Fare:Sexmale | -0.0116171 | 0.0059337 | -1.957809 | 0.0502524 |

Now, consider plotting the interaction. Note first that the glm is a linear model. However, linear for the logits, ie:

\[l(y_i) = b_0 + b_1x_i + \dots\]

where \(l(y_i)\) is the logit of the probability of the modeled event for case \(i\).

In other words: It’s just a linear model, just like “normal” regression. Hence, we can plot it using straight, linear lines; that’s true for the interaction as well. Plotting the interaction of a glm is nothing new in this sense.

```
d %>%
mutate(pred_logit = predict(glm1)) -> d
```

Let’s glimpse the distribution of the logits:

```
ggplot(d) +
aes(x = pred_logit, fill = Sex) +
geom_density(alpha = .5)
```

Now let’s plot the interaction on logit scale:

```
d %>%
ggplot() +
aes(x = Fare, y = pred_logit, color = Sex) +
geom_point() +
geom_line()
```

Just lines - diverging lines in this case, indicating the presence of an interaction effect between `Sex`

and `Fare`

.

For the sake of curiosity, let’s compute a linear model with `Survived`

as criterion:

```
lm1 <- lm(Survived ~ Fare*Sex, data = d)
tidy(lm1)
```

```
## # A tibble: 4 x 5
## term estimate std.error statistic p.value
## <chr> <dbl> <dbl> <dbl> <dbl>
## 1 (Intercept) 0.669 0.0286 23.4 1.14e-94
## 2 Fare 0.00165 0.000391 4.22 2.72e- 5
## 3 Sexmale -0.519 0.0346 -15.0 1.18e-45
## 4 Fare:Sexmale -0.0000950 0.000551 -0.172 8.63e- 1
```

Again, an interaction effect is present.

Now let’s plot `Survived`

on the y-axis. We just plugin the estimates from `lm1`

at the slope and intercept parameter for `geom_abline`

which draws a straight line.

```
d %>%
ggplot() +
aes(x = Fare, y = Survived, color = Sex) +
geom_point() +
geom_abline(mapping = aes(slope = 1.65e-03, intercept = 6.69e-01), color = "#F8766D") +
geom_abline(mapping = aes(slope = 1.65e-03 - 9.50e-05, intercept = 6.69e-01 - 6.19e-01), color = "#00BFC4")
```

As a side note, that’s how to get the names of the standard ggplot color palette:

`library(scales)`

```
##
## Attaching package: 'scales'
```

```
## The following object is masked from 'package:purrr':
##
## discard
```

```
## The following object is masked from 'package:readr':
##
## col_factor
```

`show_col(hue_pal()(2))`

As can be seen, not much interaction appears to be there (although a little bit of an interaction effect is there). Why that? That’s just because the scaling of the data does not readily show the interaction. Let’s use ggplot’s build in geom `geom_smooth()`

which should give the same output as above:

```
d %>%
ggplot() +
aes(x = Fare, y = Survived, color = Sex) +
geom_point() +
geom_smooth(method = "lm", se = FALSE)
```

Of course, probabilities greater 1 do not make sense. That’s the reason why we prefer a “bended” graph, such as the s-type ogive in logistic regression. Let’s plot that instead.

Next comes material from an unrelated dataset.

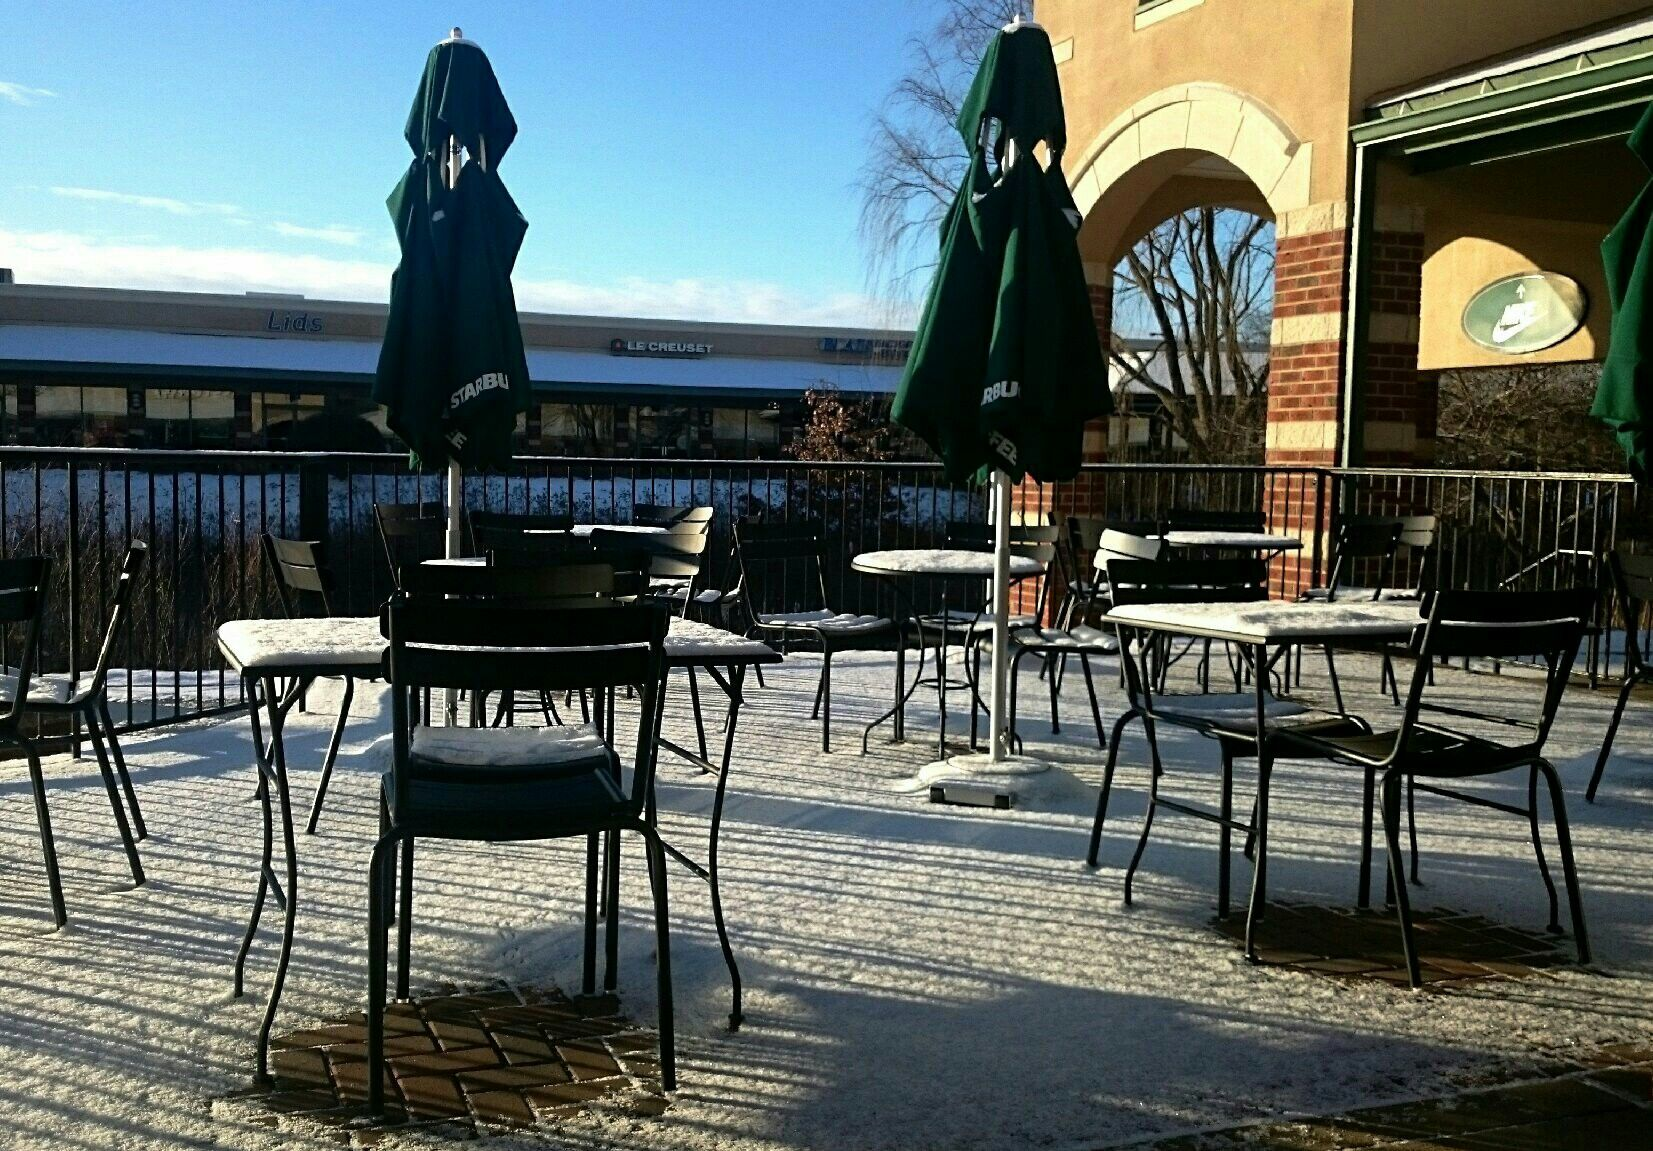 Starbucks at Premium Outlets

First, we need to get the survival probabilities:

```
d %>%
mutate(pred_prob = predict(glm1, type = "response")) -> d
```

Notice that `type = "response`

gives you the probabilities of survival (ie., of the modeled event).

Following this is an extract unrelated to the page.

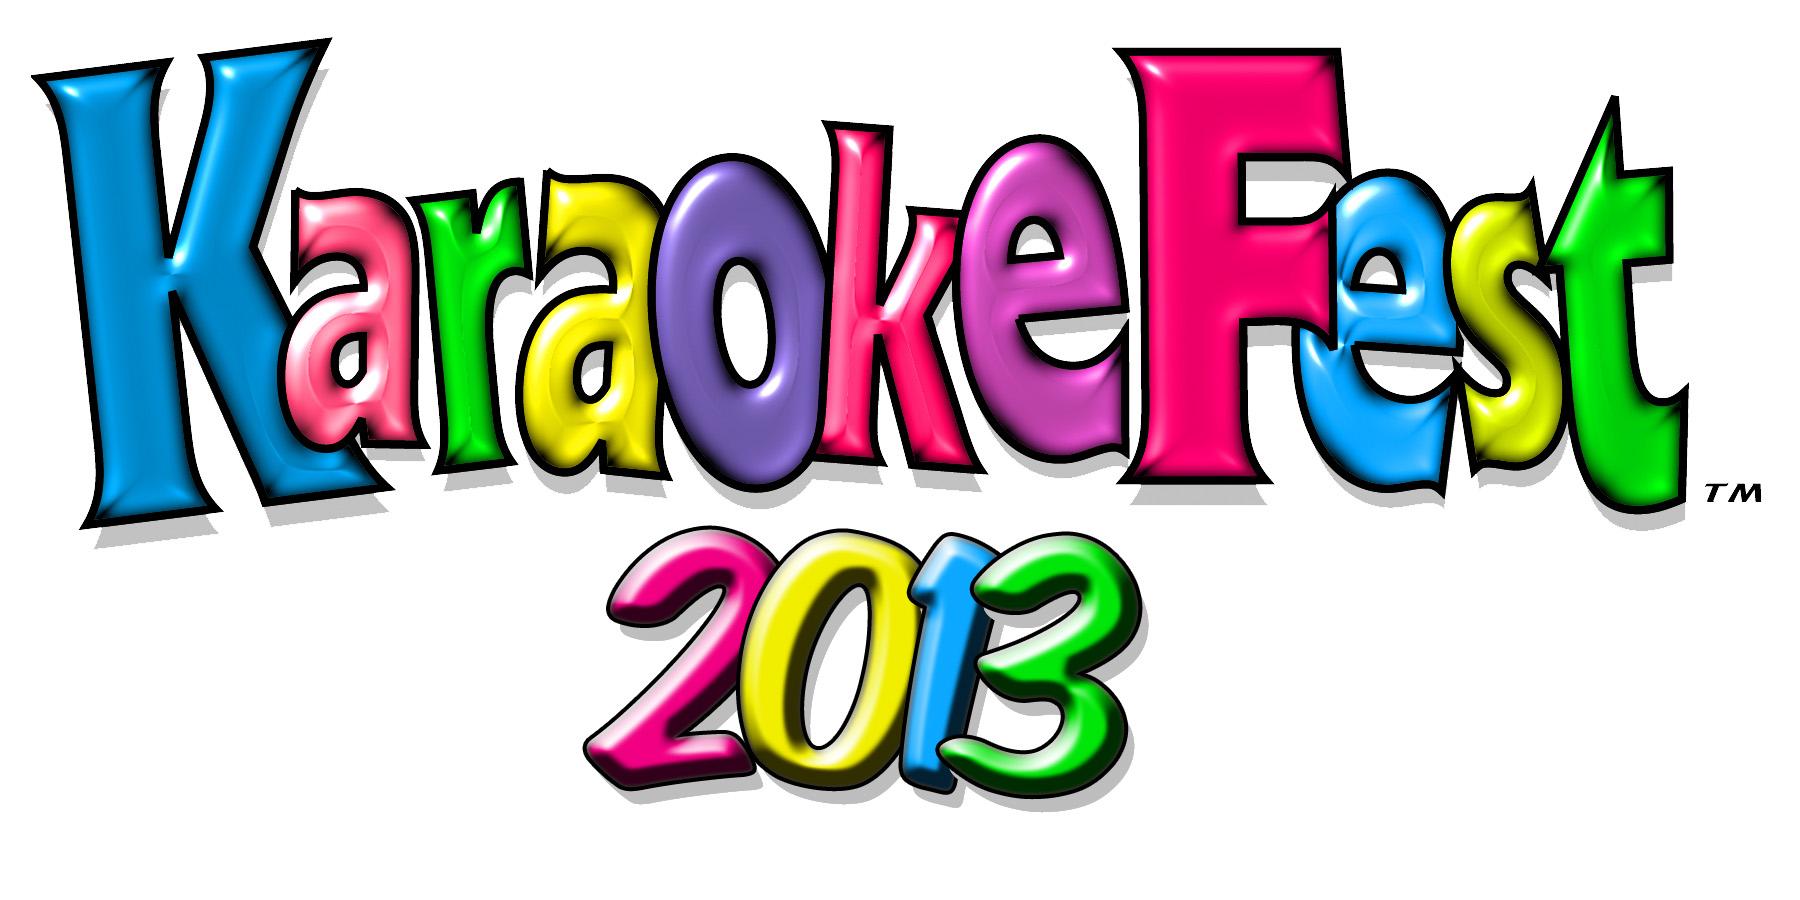 karaokefest-logo-trademark

Check, check, double-check:

```
ggplot(d) +
geom_density(aes(x = pred_prob, fill = Sex), alpha = .5)
```

Now let’s plot the ogive including the interaction effects:

```
d %>%
ggplot() +
aes(x = Fare, y = Survived, color = Sex) +
geom_point() +
geom_smooth(method = "glm",
aes(x = Fare, y= pred_prob),
method.args = list(family = "binomial"),
se = FALSE)
```

```
## Warning in eval(family$initialize): non-integer #successes in a binomial
## glm!
## Warning in eval(family$initialize): non-integer #successes in a binomial
## glm!
```

# Debrief

Plotting helps. Instead of inspecting the numbers in the glm output table only, it helps to plot the curves. In that way, the overall trend can be easier understood. Remember that the coefficients of a linear model are different if an interaction effect is modeled, compared with an model where no interaction is modeled. The coefficient of a predictor, such as `Fare`

means: “That’s the estimate of the mean statistical influence of Fare, if Fare is zero, which makes no sense, and if the other predictors are all at zero too, which make no sense either in the most cases”. This difficulty in interpretation is the reason why people like to center their models. Centered models have the mean value as the zero, which is easier to interpret. However, for an interaction of two groups and one single continuous parameter, things are not too difficult.